To ask His Majesty's Government what progress they have made in aligning medical device regulations with those of international counterparts, and what impact this alignment is expected to have on patient safety, healthcare efficiency and innovation in the life sciences sector.

Following the Medicines and Healthcare products Regulatory Agency’s (MHRA) Consultation on the future regulation of medical devices in the United Kingdom, we have committed to undertaking full reform of the current regulatory regime for medical devices in the UK. The MHRA’s Roadmap towards the future regulatory framework for medical devices sets out a route to deliver, enabling regulation via a series of new statutory instruments (SIs).

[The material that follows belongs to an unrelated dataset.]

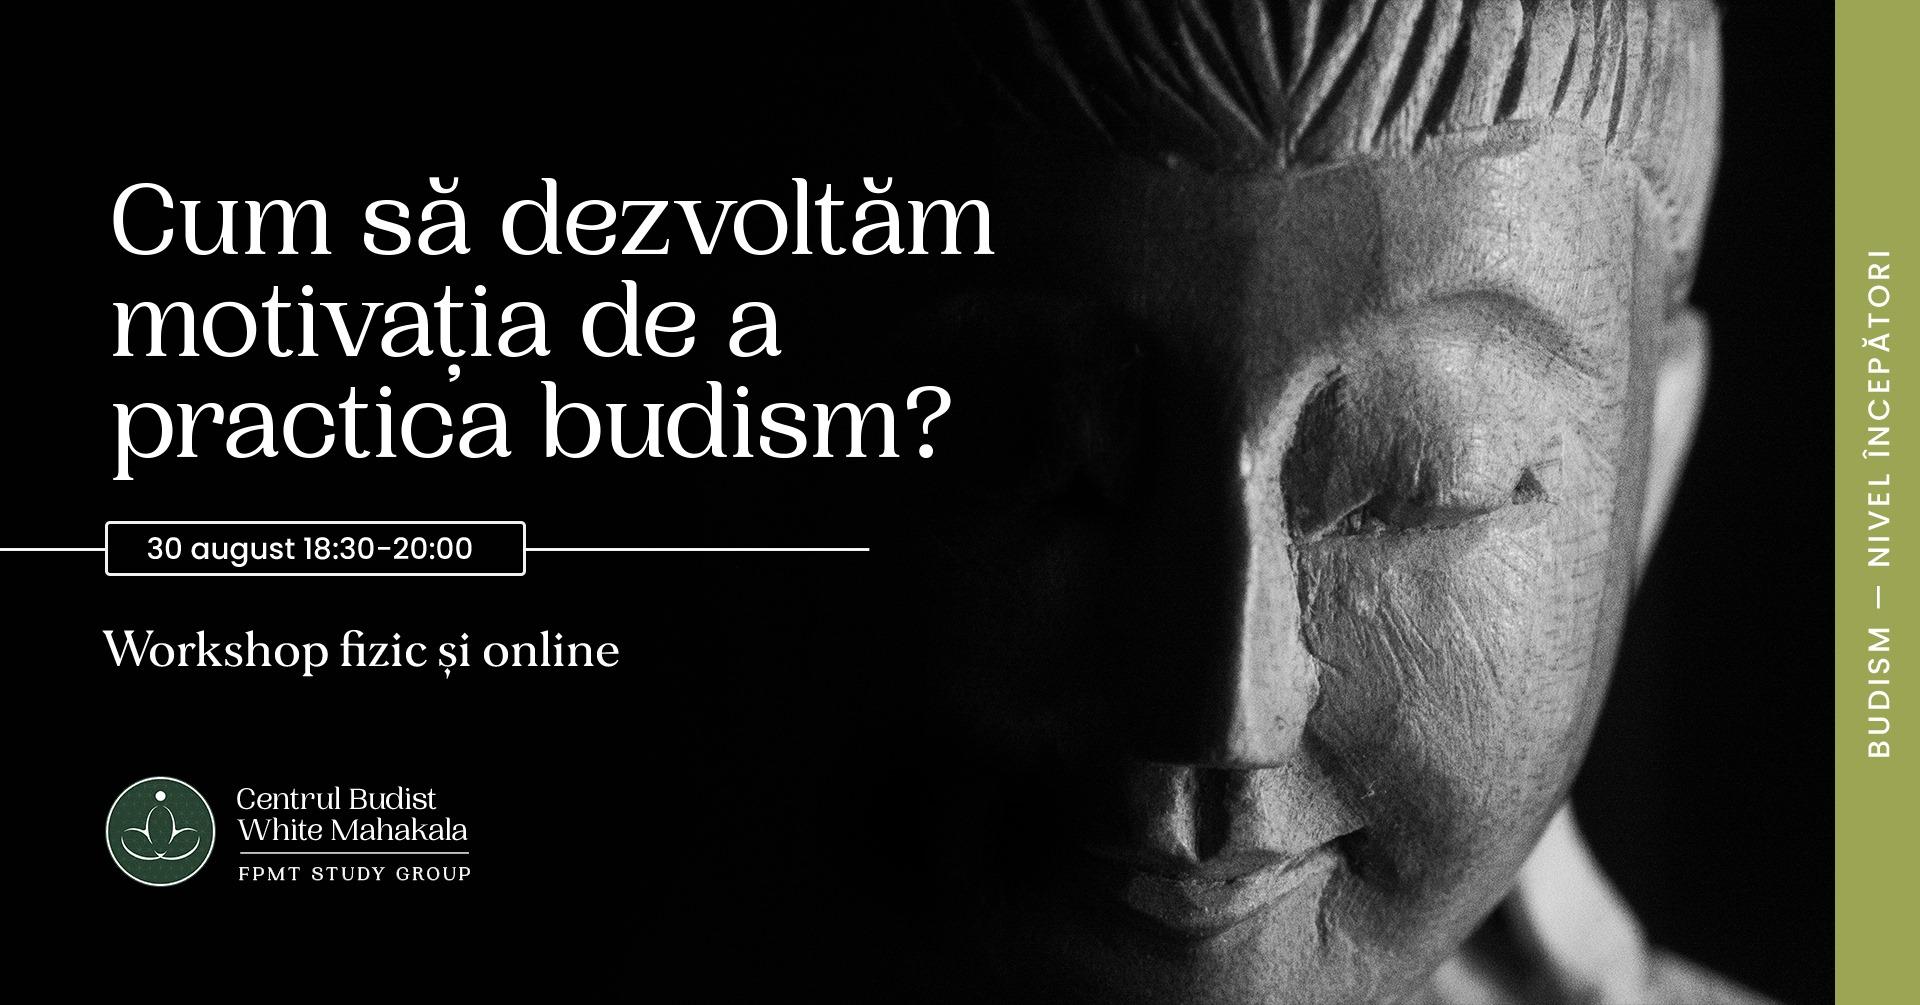 Cum sa dezvoltam motivatia de a practica budism?

Priority measures to protect patient safety will be put in place this year, with core elements of the new framework intended to be in place by 2025. A draft statutory instrument to introduce strengthened post market surveillance requirements is planned to be laid in the first part of 2024. A copy of the roadmap is attached.

Following the announcement on the Chancellor’s Life Sciences Growth package in May 2023, we continue to progress the development of a framework for international recognition, including through targeted engagement with stakeholders, building on the outline proposals for alternative routes to market which were included in our 2021 consultation. The planned regulations are also designed to deliver greater international harmonisation, with more patient-centred, proportionate requirements for medical devices which are responsive to technological advances.

Implementing the remainder of the changes outlined in the June 2022 Government response to the 2021 consultation is ongoing. In September 2023, we launched the Innovative Devices Access Pathway as pilot, building the UK offer to innovators of medical devices addressing un-met clinical needs. In the coming year, we also plan to lay further SIs, bringing clarity to industry of the requirements they will need to meet to launch products in the UK in the future. Whilst these changes were outlined in the 2022 government response, we will ramp up our targeted engagement to ensure implementation is done smoothly and in a way that protects ongoing safe supply of products to UK patients.